Archaeologists believe they have uncovered the remains of a large school for Roman gladiators just east of the Austrian capital of Vienna. Radar imagery of the remains has revealed thick walls surrounding the compound, which contained 40 small cells for fighters, as well as a training section and a large bathing area. Radar scans have also revealed what archaeologists believe may have been a cemetery for those killed during training. It is thought that the school was once part of a major Roman military and trade outpost some 1,700 years ago, and home to around 50,000 people. One distinctive find highlighted by the radar images is a thick wooden post in the middle of the training area, thought to have been used by gladiators as a practice enemy.
Four teardrop-shaped hand-axes created around 1.76 million years ago have been discovered near Lake Turkana in northwest Kenya – dating back to around 350,000 years earlier than previous finds of the same ilk. Described by some scientists as the ‘Swiss army knife of the Stone Age’, the tools are thought to have been used for a range of tasks such as chopping wood and cutting up meat. Experts believe the tools were created by our human ancestor Homo erectus, a species that ranged across Africa and Asia until they became extinct around 70,000 years ago. The tools fall into the category of Acheulian technology, since they are larger and heavier than the pebble-choppers that would have been used previously, and also boast distinctive chiselled edges.
Intensive excavation of Ham Hill in Somerset, Britain’s largest Iron Age hill fort, has revealed a main road and enclosures with round houses, suggesting that the site was a town rather than a defensive structure, according to archaeologists. Ham Hill stretches across 80 hilltop acres and was once home to the Durotriges tribe that was subdued by the Romans in AD 45, two years after the Roman invasion. An initial dig at the site this summer has uncovered human remains, including one full skeleton and the bones of a dog, as well as tools and pottery. Three more excavations at the site are planned over the next three years.
A huge model of Nonsuch Palace, Surrey, built by Henry VIII in 1538, has been created thanks to years of research by an Oxford professor. The palace was destroyed by a mistress of Charles II between 1682 and 1690, but painstaking analysis of contemporary illustrations, archaeological evidence, written sources, and surviving fragments of stucco and slate, has allowed Professor Biddle, emeritus professor of medieval archaeology at Oxford University, to create an accurate evaluation of what the building looked like.

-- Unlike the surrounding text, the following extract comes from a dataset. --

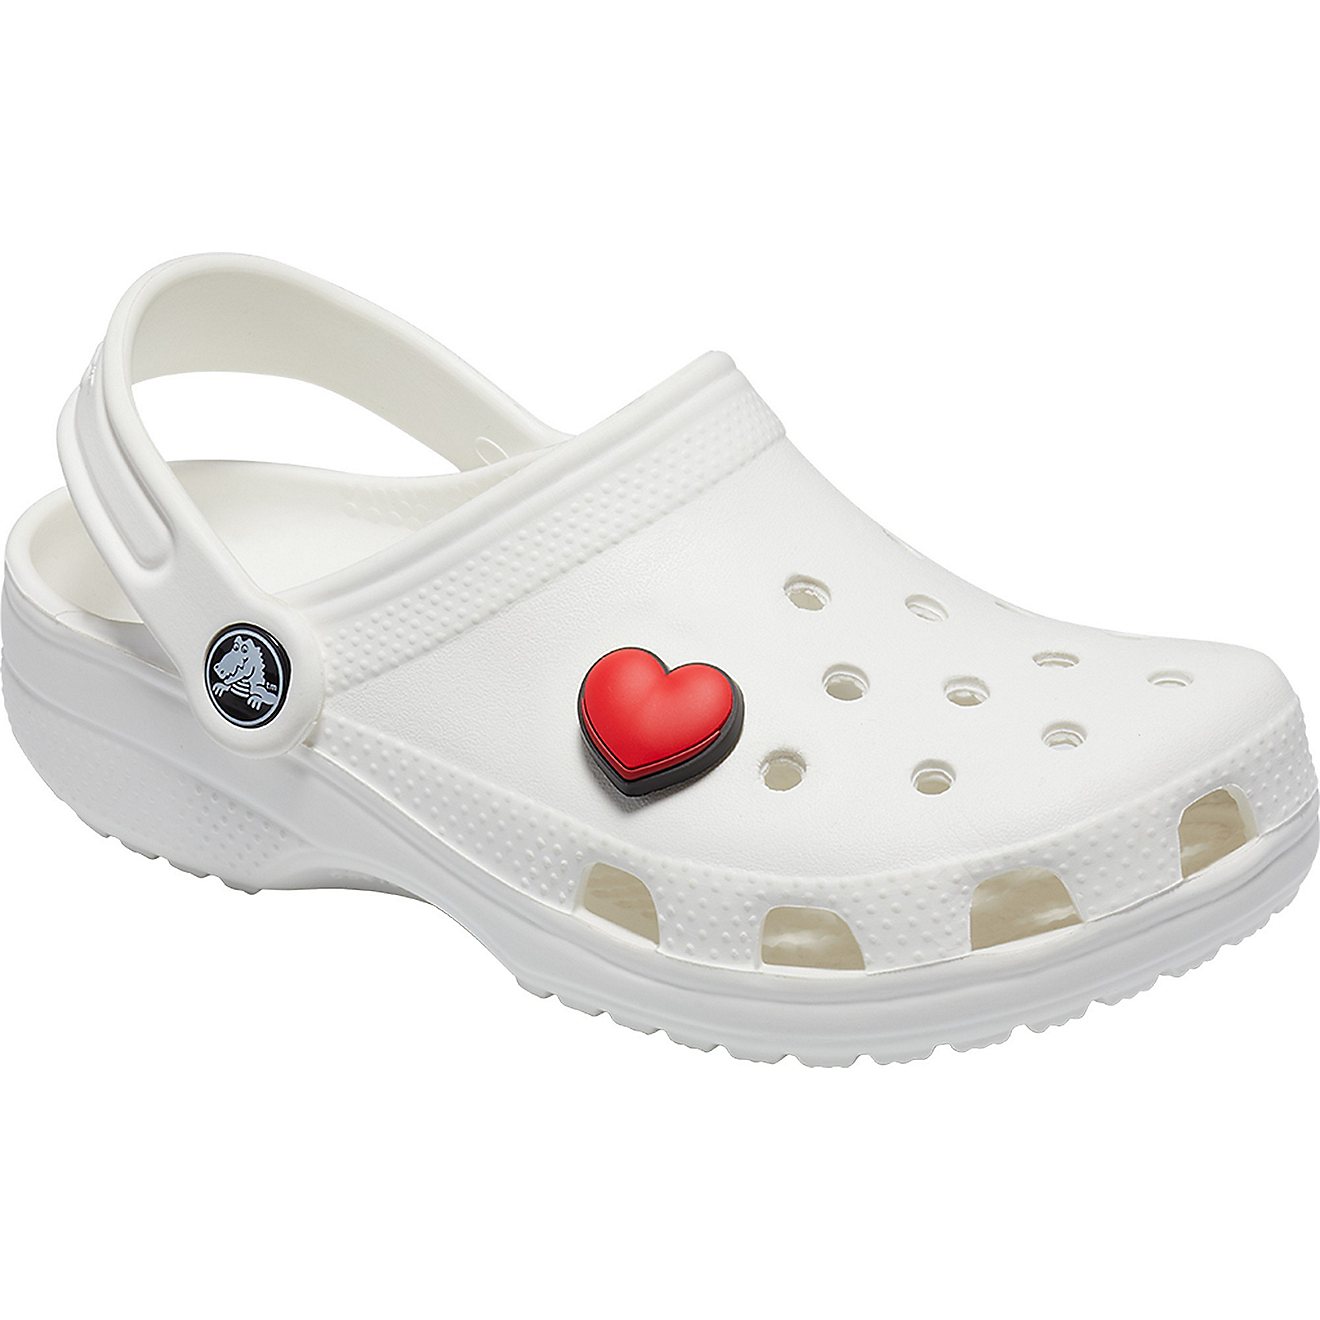 Multicolour Crocs Heart Shoe Decoration Charms - One Size 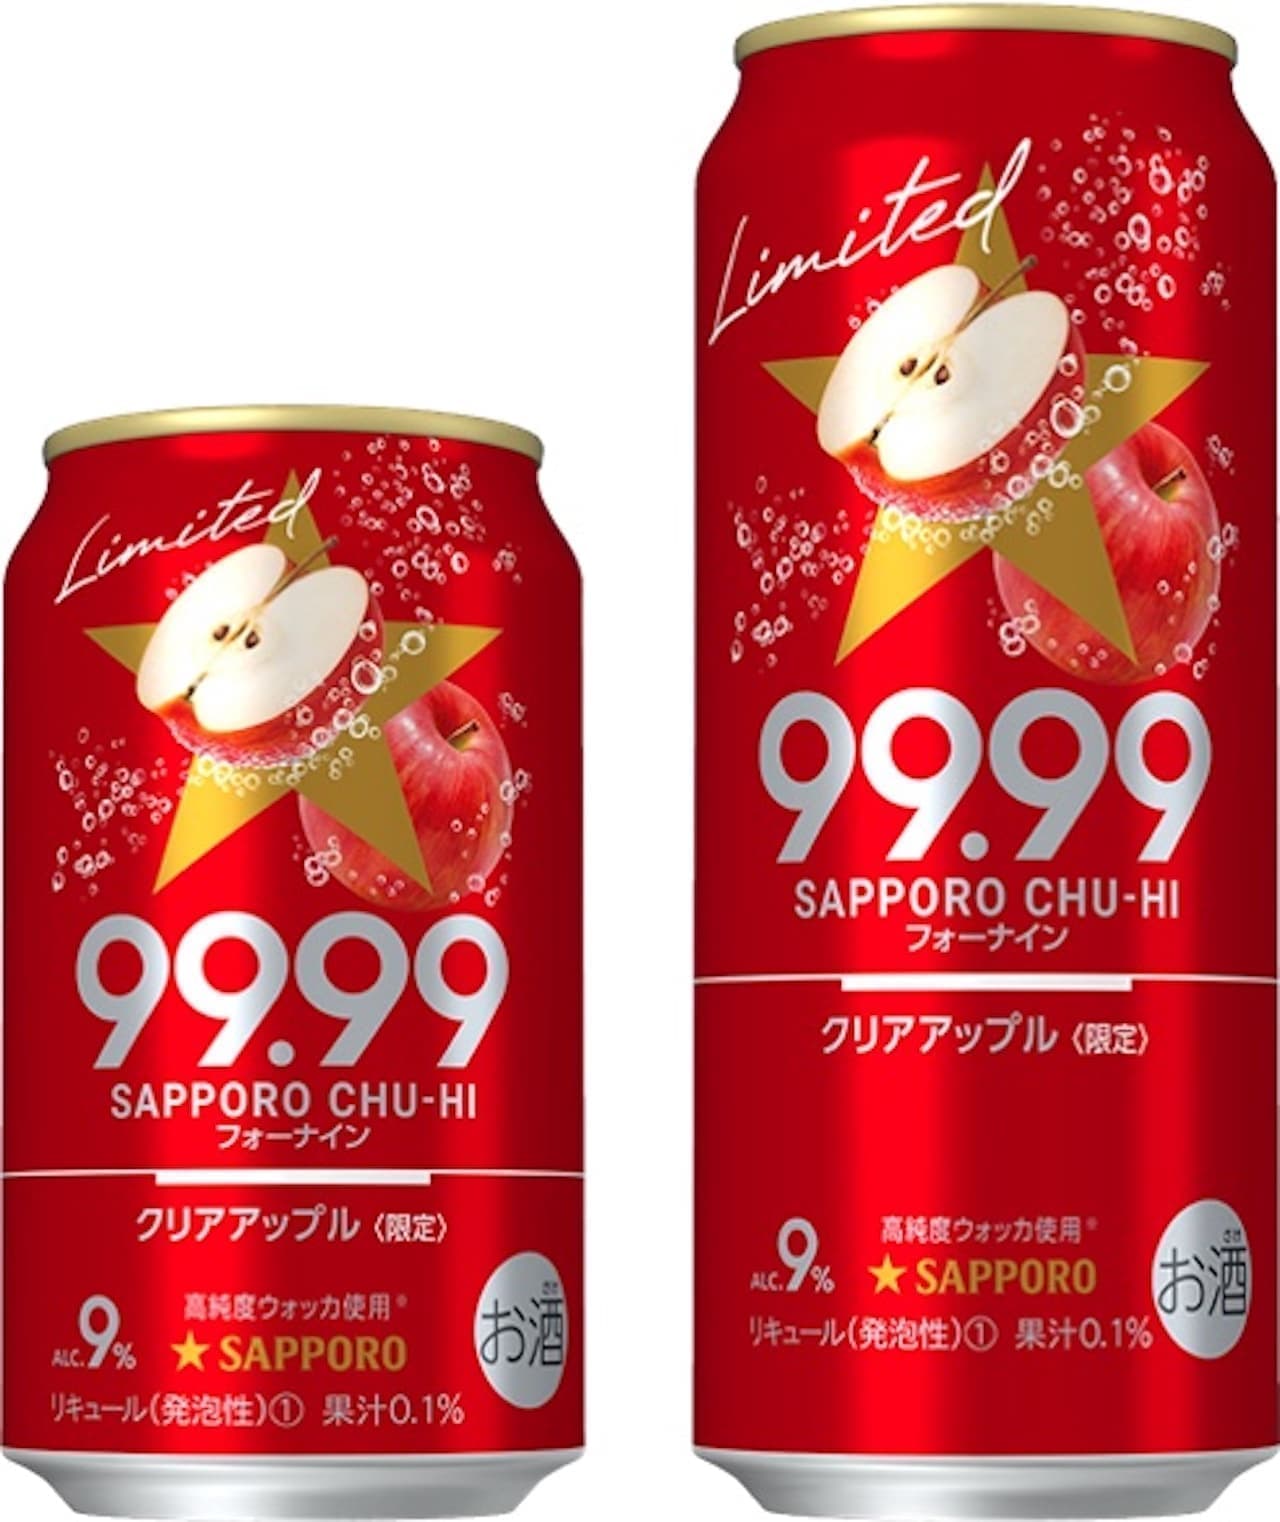 Sapporo Beer "Sapporo Chuhai 99.99 Clear Apple"

Examinations of 340 skeletons from three 18th and 19th-century Royal Navy graveyards have revealed evidence of scurvy and infected wounds, according to archaeologists at Oxford University. The bones, which were excavated from sites in Greenwich, Gosport and Plymouth, also revealed that more than six per cent of sailors in Nelson’s navy were amputees, many of whom had died as a result of operations that went wrong. Evidence of syphilis, ulcers, serious tooth infections and possible malaria were also revealed, while examination of the remains of an 11-year-old boy suggested that he may have been a ‘powder monkey’, transporting ammunition to gunners.
Archaeologists believe they have uncovered a tomb that once contained the remains of the original builders of Stonehenge in Wiltshire. The tomb was found at the Carn Menyn site in the Preseli Hills where it is believed the bluestones that were used to construct the first stone phase of the henge were quarried in around 2300 BC. The tomb, which contains no bodies, was built right next to the original quarry, and the remains of a ceremonial monument have been discovered, with a bank that appears to have a pair of standing stones embedded in it.
In related news, UK researchers believe they have recreated the sound of a ritual at Stonehenge, as would have been heard by Britons 4,000 years ago, and without the constant rumble of traffic from the nearby A303. The recording was created using an echo-free recording chamber and using the latest computer modelling techniques.
You can hear more about the recordings on Hearing the Past, BBC Radio 4 Monday 12 September at 11:00am
Experts have claimed that the wreck of the Mary Rose was located in the 1830s thanks to HMS Royal George, the largely forgotten flagship that sank in the Solent at Spithead in August 1782. More than 900 people were killed when the 100-gun battleship took in water through its open gun ports during repairs on its sea cock – a valve on the hull. According to Stuart Haven from the Royal Marines Museum, local fishermen asked divers who were trying to recover the wreck of the Royal George to check beneath the waters nearby as their nets kept getting caught on something. A subsequent dive just one kilometre north east of the Royal George revealed timber and guns from the Mary Rose.
Experts from Chester and Bangor universities have launched a new dig at the Pillar of Eliseg near Llangollen, a ninth-century stone monument sited on a prehistoric mound. The team hopes that the dig will reveal the relationship between the pillar and the early Bronze Age cairn on which it stands. The Pillar of Eliseg was originally a tall stone cross but only part of a round shaft survives, situated within the pillar’s original base. A local landowner in the 1700s claimed to have found a stone cist with a body in, and pieces of silver at the site, but some experts have debated his claim.